:: Dataset section
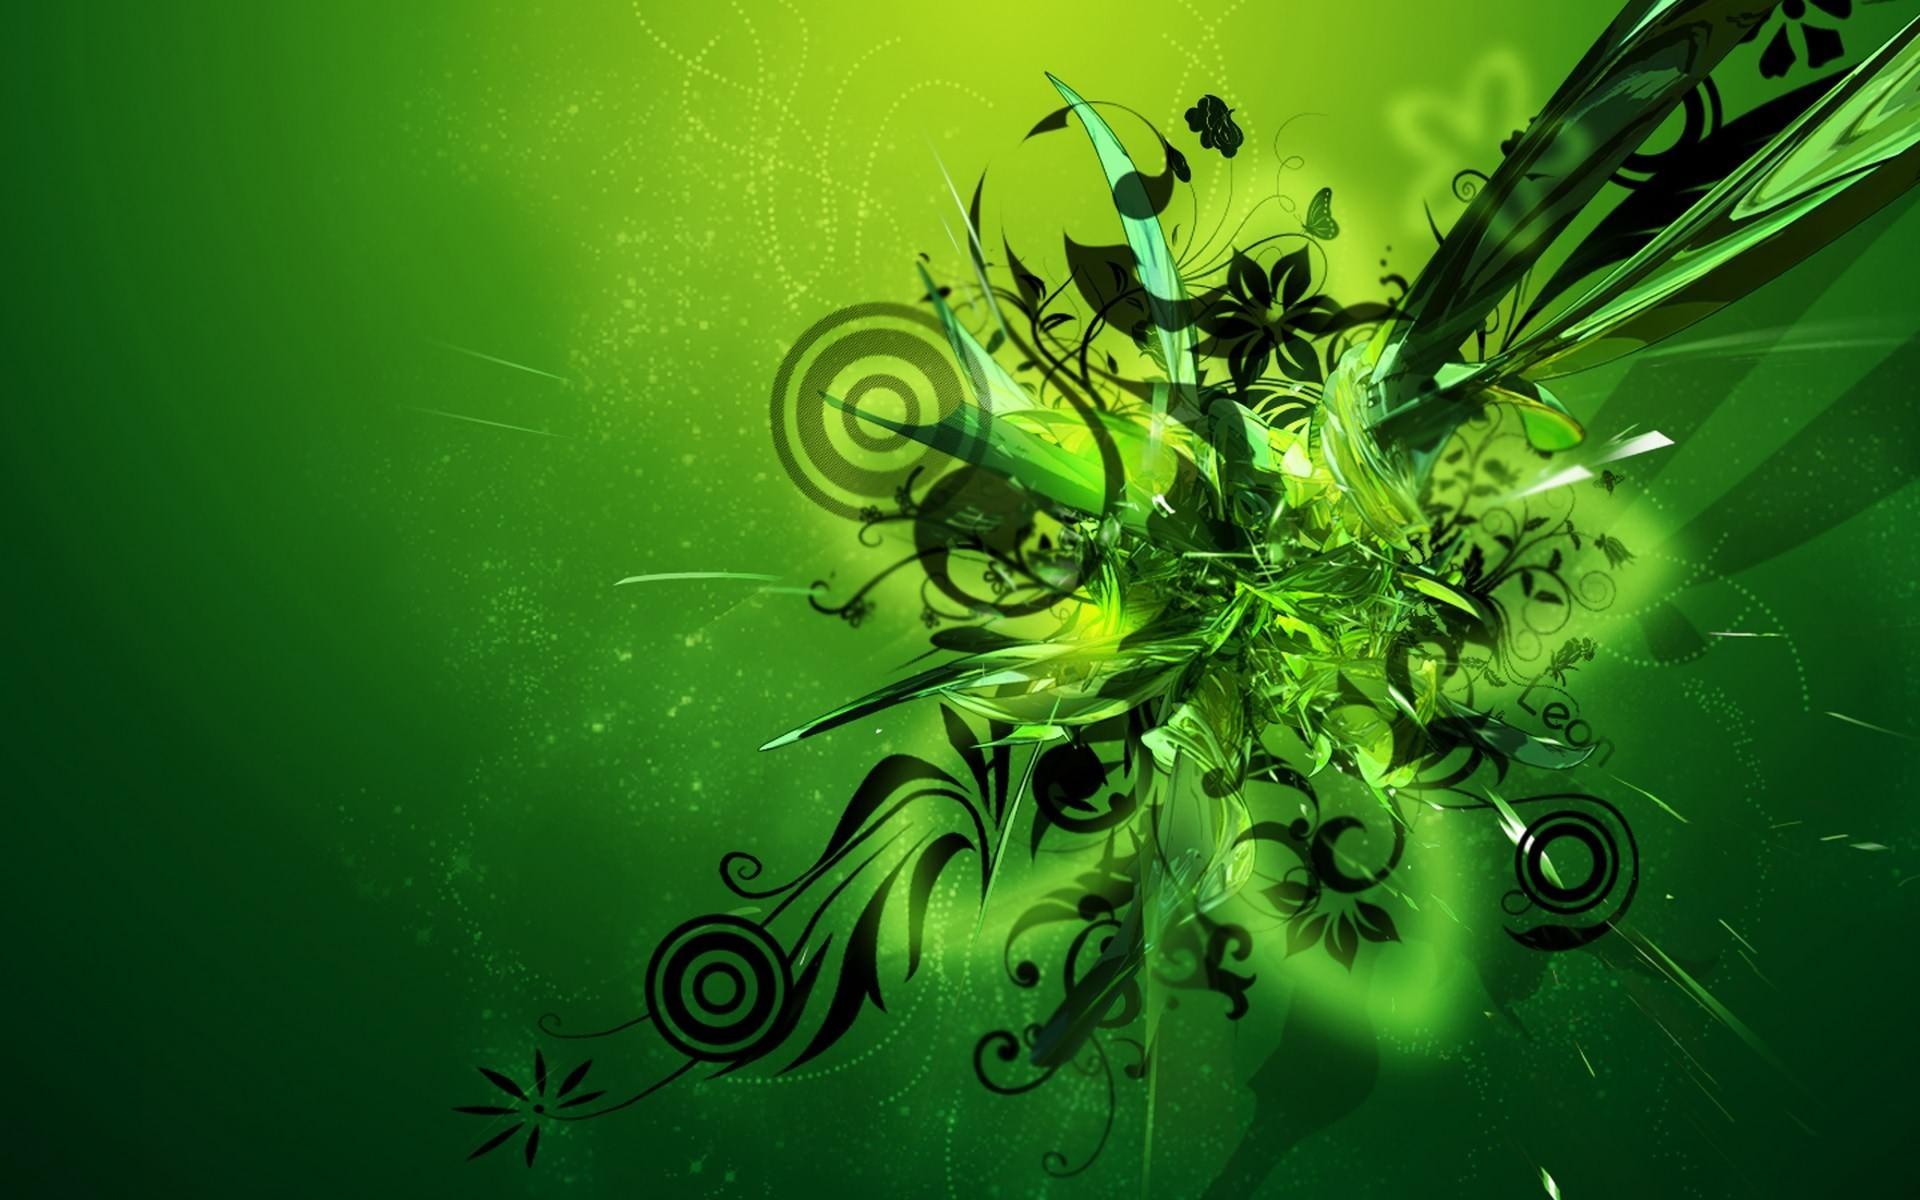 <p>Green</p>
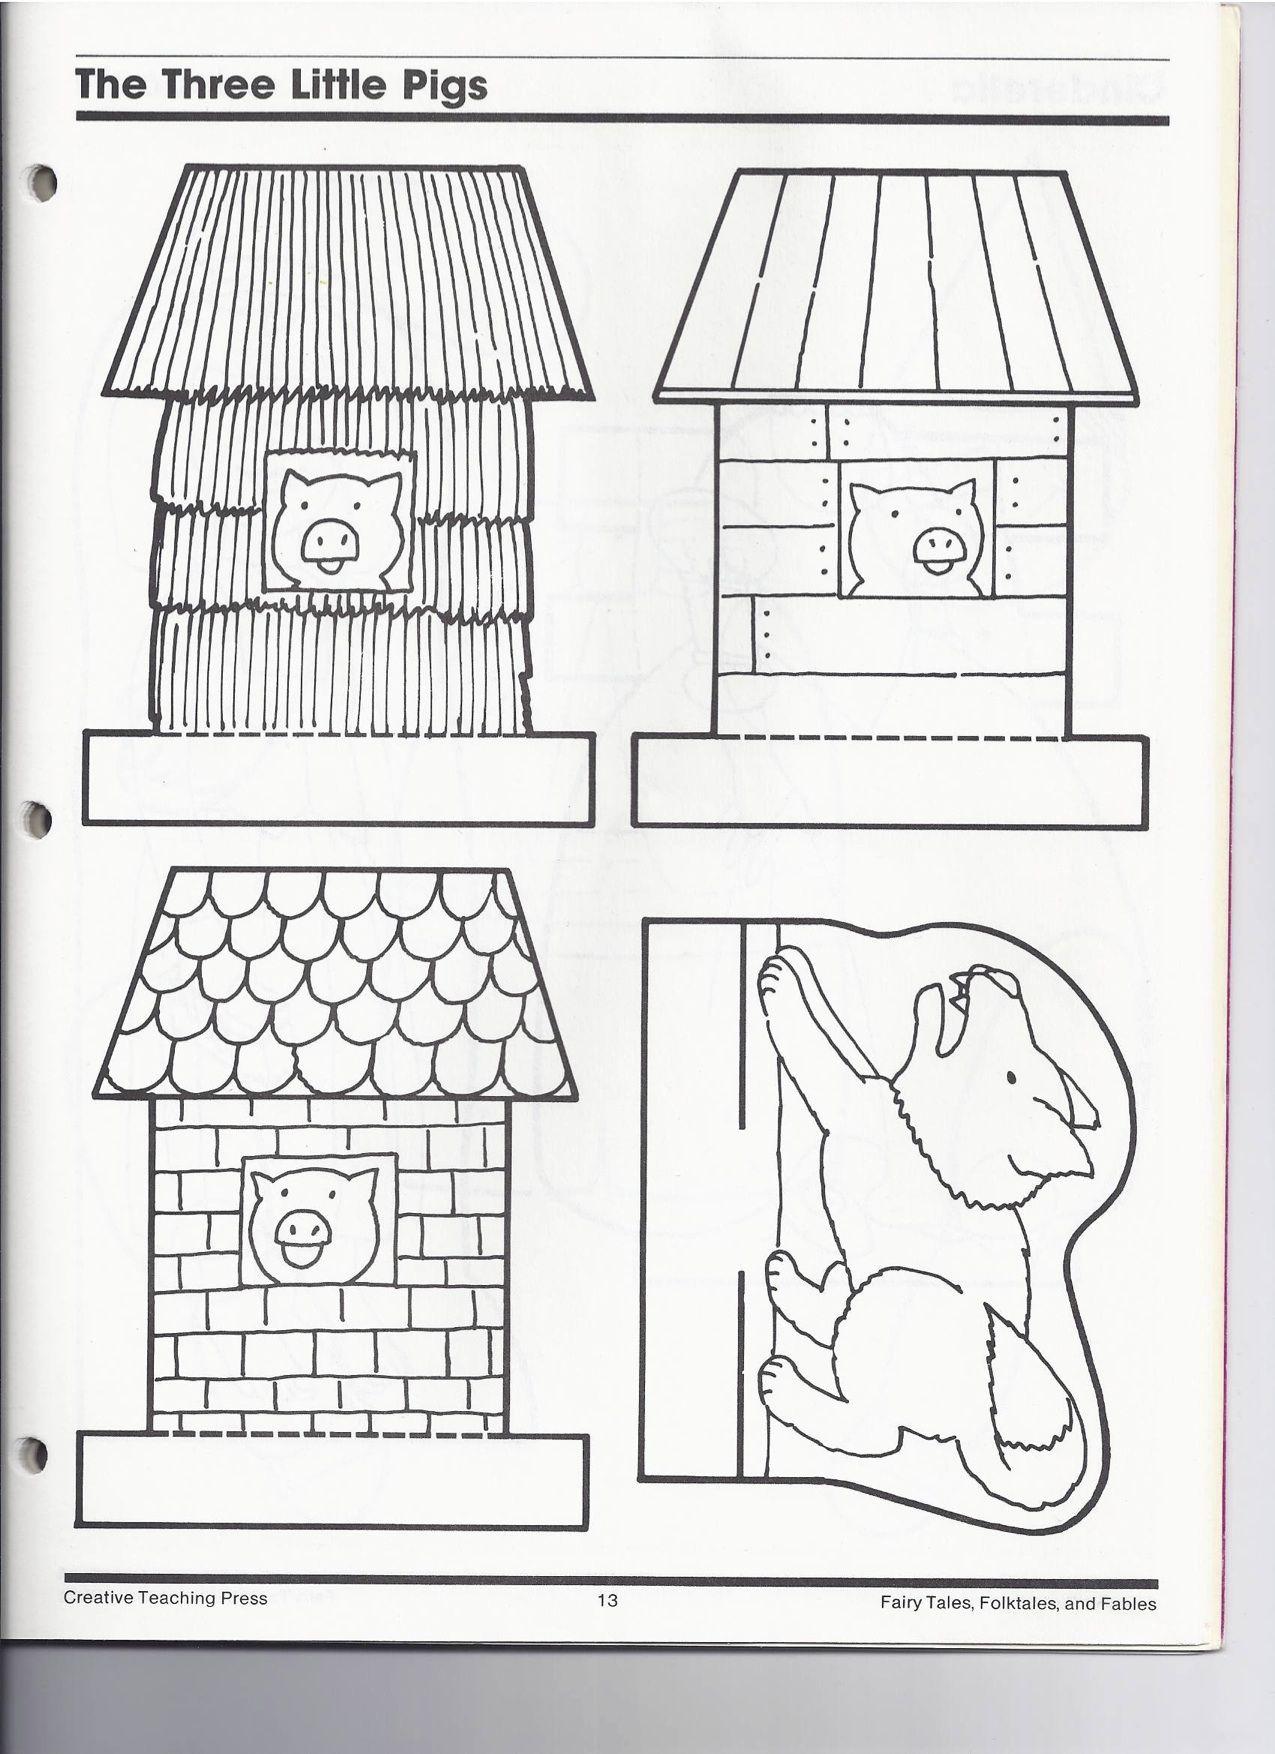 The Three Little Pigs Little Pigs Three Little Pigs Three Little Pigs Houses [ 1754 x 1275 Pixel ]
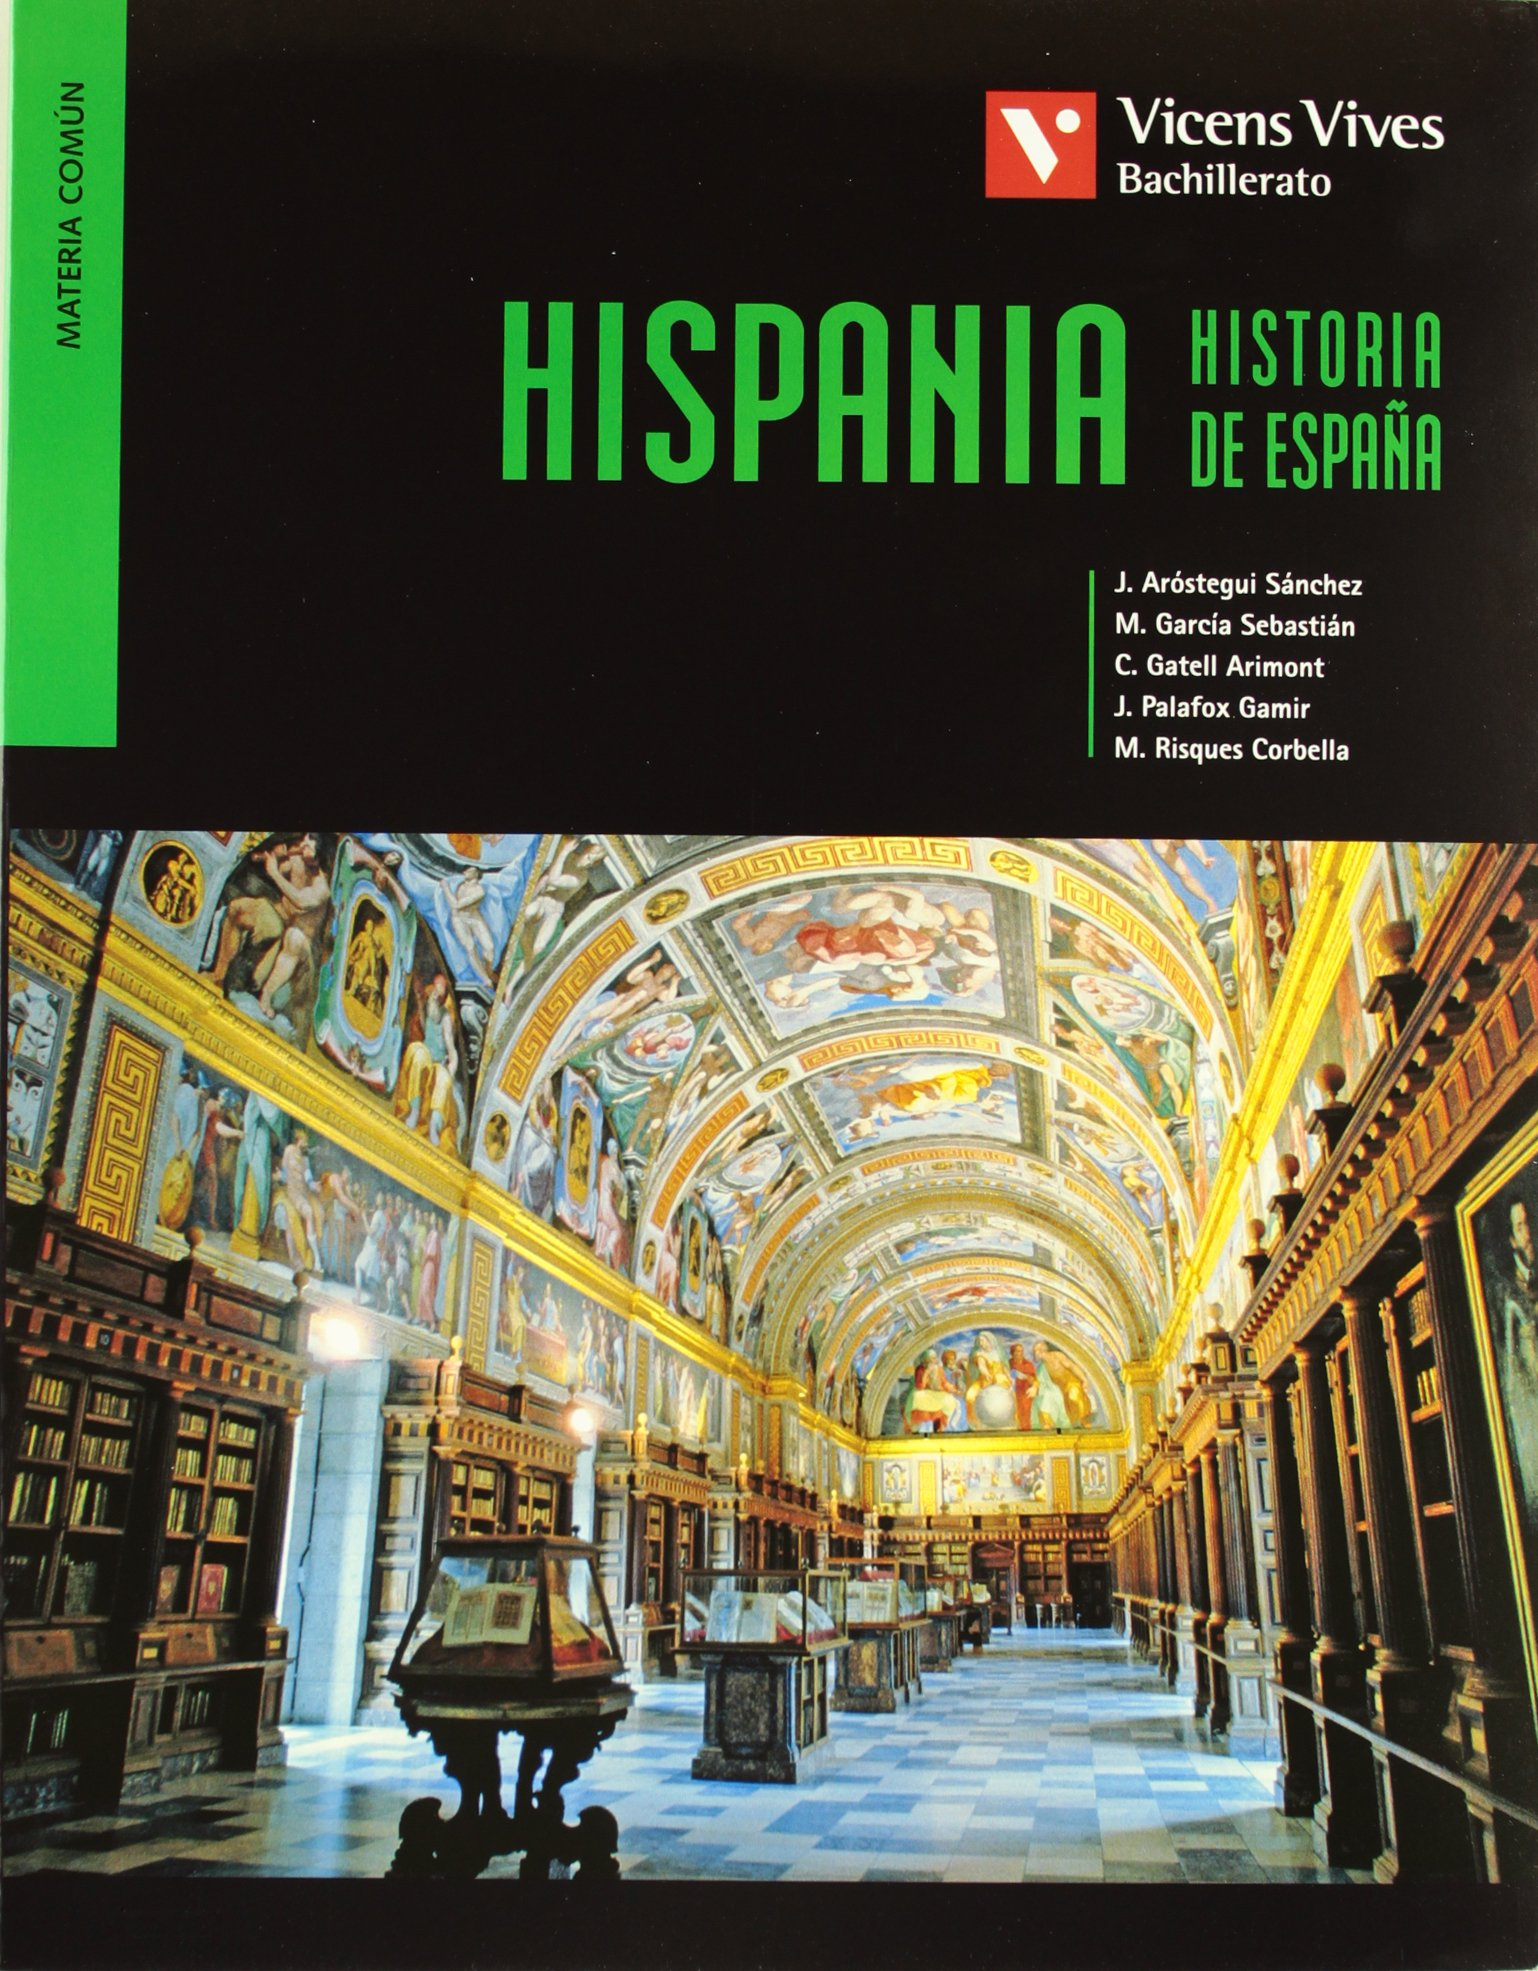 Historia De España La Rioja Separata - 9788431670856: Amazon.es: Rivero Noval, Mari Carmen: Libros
::::
• [Task directions]: Print the data exactly as written, dropping any images it holds.

• [Completed exercise]:
 <p>Green</p>
 The Three Little Pigs Little Pigs Three Little Pigs Three Little Pigs Houses [ 1754 x 1275 Pixel ]
 Historia De España La Rioja Separata - 9788431670856: Amazon.es: Rivero Noval, Mari Carmen: Libros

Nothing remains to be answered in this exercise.